Like Captain Beefheart’s Magic Band and Mark E Smith’s The Fall, Hagerty has been the one constant throughout the Hex’s career, and as with all Howling Hex releases, this album features a whole new lineup. Also, for the first time since the tumble down trap work on Nightclub Versions Of The Eternal (2006) and the steady bar jam band incarnation on Howling Hex XI in 2007, there are drums. The groups last full release Wilson Semiconductors consisted of four long intricate songs with two guitars and bass that took the mind’s pleasure receivers on labyrinthine excursions down rarely heard musical pathways. Now based in Denver, having relocated from New Mexico, Hagerty, on guitar and vocals, is here joined by new recruits Eric Allen on bass and Eric Van Leuven and has processed the sound into shorter outsider rock nuggets.
While many of the tracks are based on the solid country-ish rhythm section,’Highlights’ takes on an almost-surf bent with its "woo ooh" chorus, likewise closer ‘Trashcan Bahamas,’ takes on a tropical lilt, Hagerty playing guitar with willful and wild abandonment. Hagerty’s playing as always is sublimely crooked, loose, but filling in all the right places, as he shreds repetitive stabs on ‘Electrico Northern’. The track that previewed the album, ‘Primetime Clown,’ with its so-wrong-it’s-right guitar hook came with a gonzo video featuring Kurt Cobain boxing George Dubya Bush. More of Hagerty’s surreal video sketches can be seen on the DVD that came with 2005’s You Can’t Beat Tomorrow. Also well worth investigating from the ever-busy Howling Hex is the avant-garde four disc audio version of Hagerty’s Victory Chimp sci-fi book.
As with the Magic Band and The Fall, fans of the "wonderful and frightening" world of The Howling Hex know that while there may be new recruits, at this stage you are either likely to be a believer or simply missing out on the diverse and experimental back catalogues, and any new album brings intrigue of what new direction will have been taken. Hagerty speaks the truth, whatever that may be, and whether you can work out his lyrics or not, drenched heavily as they are in reverb. While the songwriting has been collaborative in the past the focus of the current group’s sound is unmistakably stamped by the obsessively detailed singular vision of its creator. Second guessing the next move, before anyone else has fully grasped the last.
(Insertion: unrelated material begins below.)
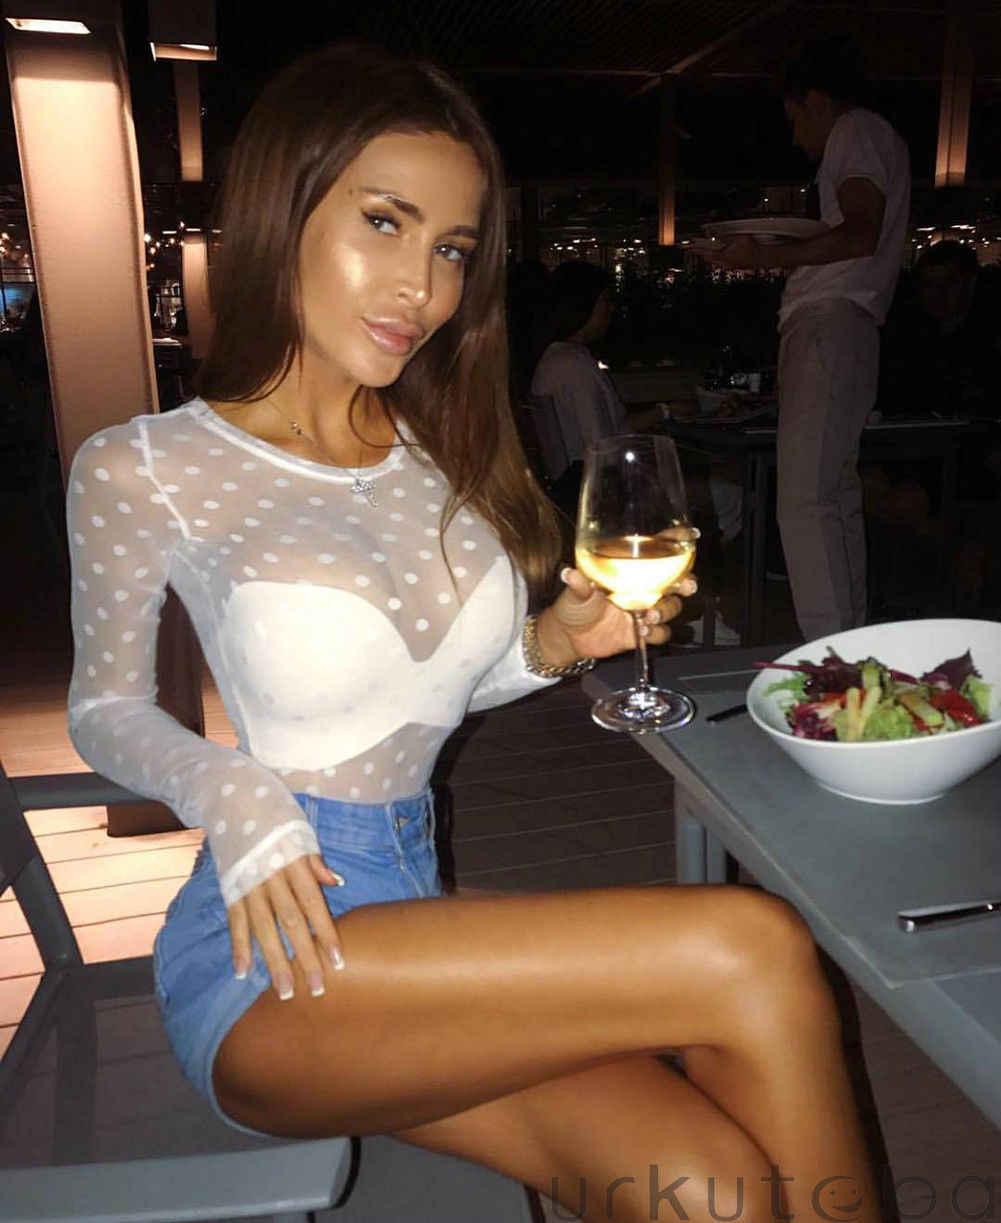 Mode Mesh Blouse Lange Mouw vrouwen Polka Dot Crew Hals Womens Tops En Blouses Sexy Sheer Shirt Hot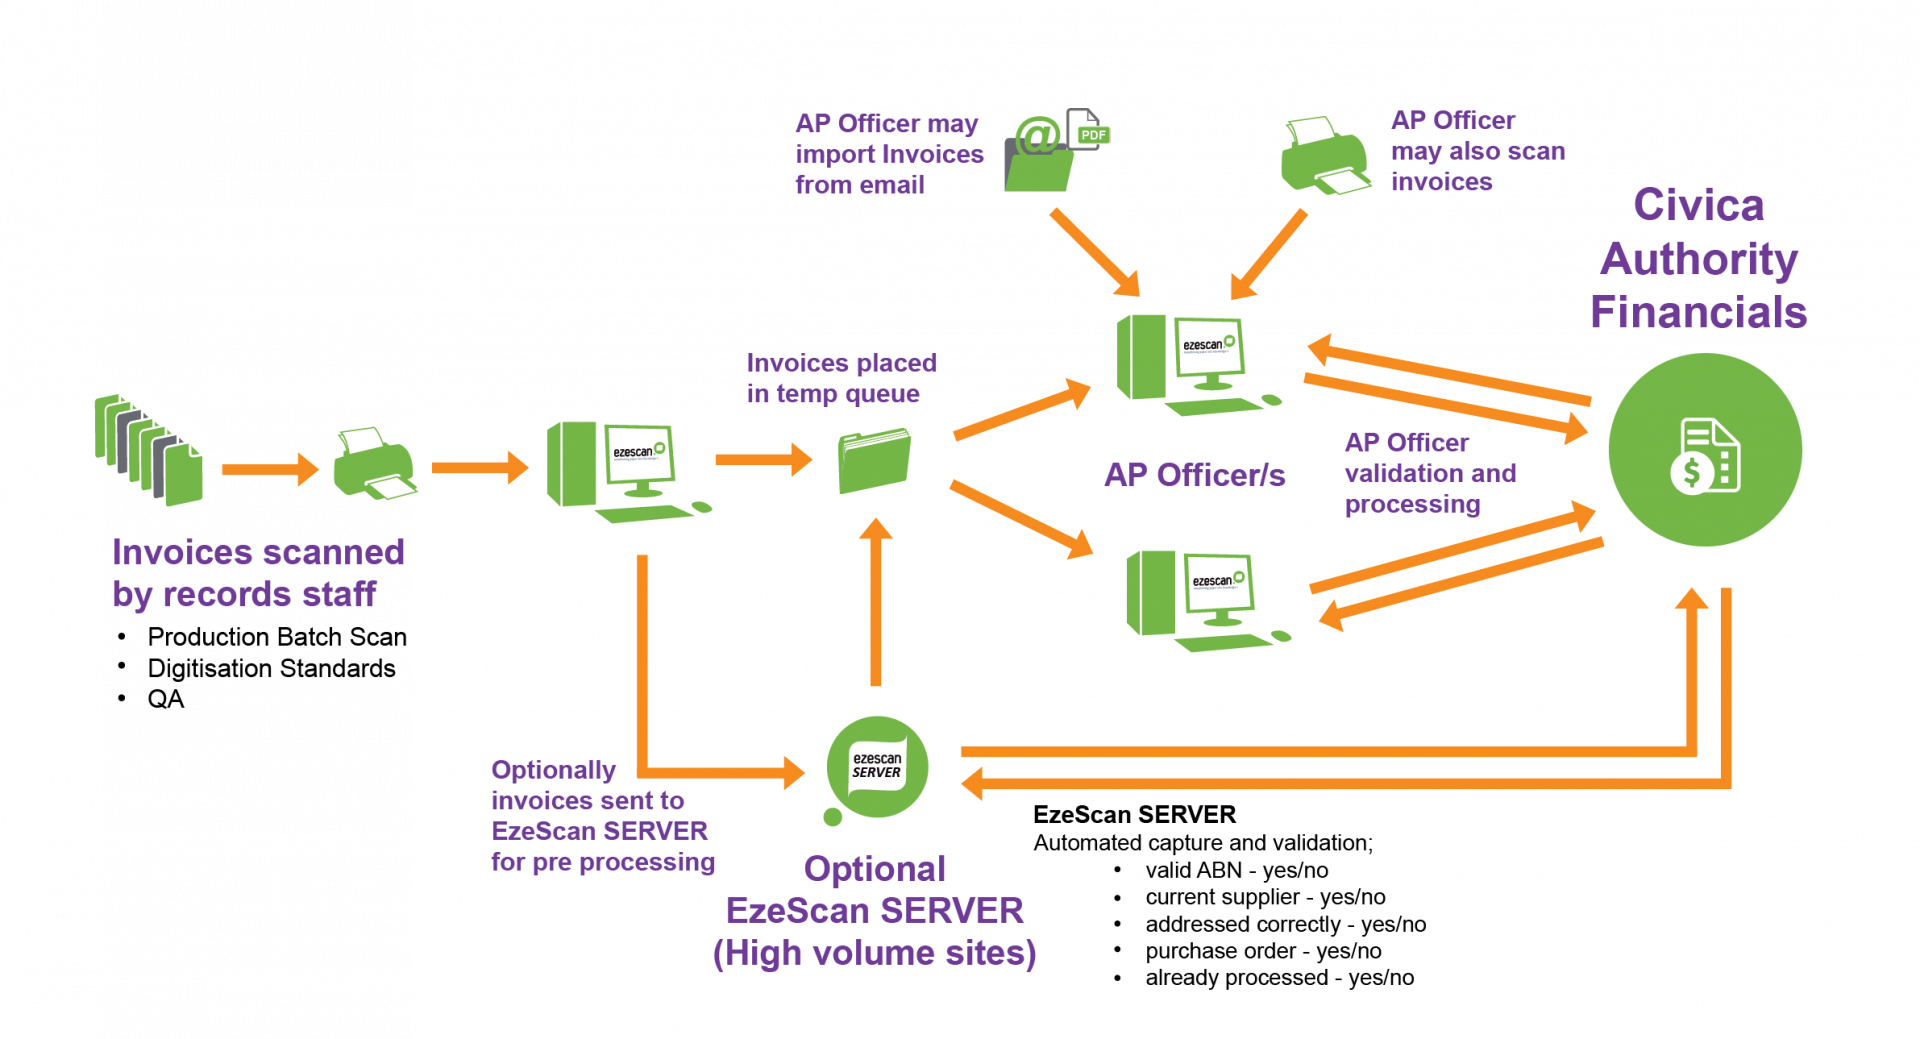 EzeScan Civica Authority Financials Diagram

A best of like no other, The Best Of The Howling Hex, reveals a true one of a kind, once in a lifetime, sorta group at their best. Sadly, Hagerty doesn’t seem to do flying, so chances of seeing him and the Hex in action on this side of the pond have been obscure, so for many of us these always welcome audio dispatches present the closest we can get. Anyone in on a Kickstarter-style project to fund the ferry tickets? I mean, what the hex.